Tuning & limitations

  • Thresholds live in _page_geometry (para_gap = 1.6 × median_gap, indent_thresh, short_thresh) and the cue weights in _is_heading (fires at score ≥ 1.8).
  • Critical editions with dense footnote apparatus produce many > blocks — expected; the apparatus is genuinely hard to separate from body by geometry alone, and > visually sets it apart.
  • Soft-hyphen joining occasionally fuses a real compound (peut-être → loses the hyphen when the OCR split it across lines) — accepted trade-off for dehyphenating ordinary words.
  • Italics are unrecoverable from line-level bboxes and are left unstyled.

Tests: tests/workers/test_md_export.py — one case per heuristic on synthetic line data, plus the clustering/utility units.

Optional LLM refinement (lib/workers/ocr/llm_refine.py)

The geometry recovers structure but can’t fix what OCR got wrong at the character/semantic level: broken accents, mis-split words, garbled Greek, a heading the cues missed.
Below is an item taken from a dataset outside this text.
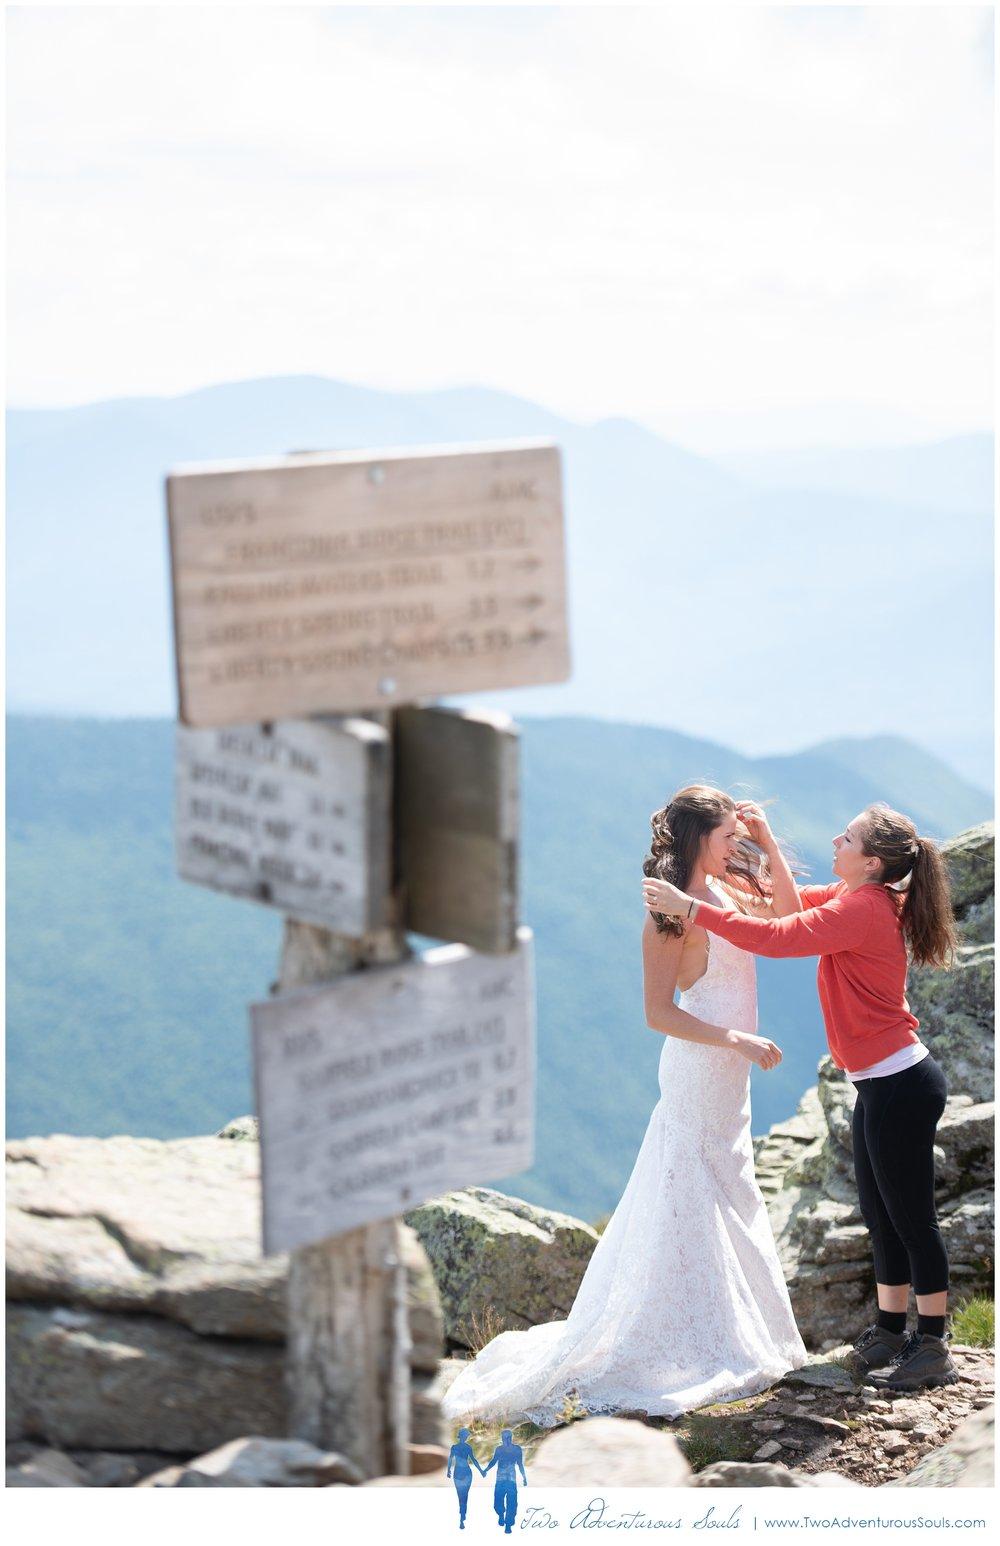 081818 - Chana & Rich - wedding SNEAKS-110_Adventure Wedding, Destination Wedding Photographers.jpg

An on-device LLM can — privately, offline. This is a post-pass over the exported Markdown, off by default.

write_markdown(conn, path, refine="apple_fm", refine_mode="cleanup") runs each page through the backend after the heuristics; refine=None (default) keeps the pure-heuristic output. Exposed as:

  • GUI — a “Polish with Apple Intelligence (on-device)” toggle on the Markdown card. It probes availability on build and disables itself with an explanatory tooltip until the framework is present.
  • CLI--md-refine apple_fm (headless export).

Backends

BackendWhenNotes
AppleFMBackendapple-fm-sdk present, macOS 26+, Apple Intelligence onOn-device Apple Foundation Models. Lazy import + SystemLanguageModel.is_available() gate.
NullBackenddefault / unavailableAlways (False, reason); export stays heuristic-only.
MockBackendtestsApplies a caller fn per page.

Design constraints

  • Per-page chunking. Each page is refined in a fresh LanguageModelSession (no transcript accumulation); pages over _MAX_INPUT_CHARS (~12 kB) pass through untouched. Page markers are stripped from the model input and re-attached verbatim.
  • Faithful, not creative. The instruction forbids translating, summarising, reordering, or inventing; it’s OCR correction, not authorship. Garbled passages are left as-is.
  • Fail open. Any backend error returns the page’s heuristic Markdown unchanged — a bad LLM never loses data.

Status

  • Requires macOS 26 (Tahoe) + pip install apple-fm-sdk; a no-op on earlier macOS. The structure mode (full semantic re-segmentation from raw lines) is scaffolded but unused — the default is the conservative cleanup mode.

Tests: tests/workers/test_llm_refine.py (page splitting, null no-op, mock refinement, oversize pass-through, fail-open).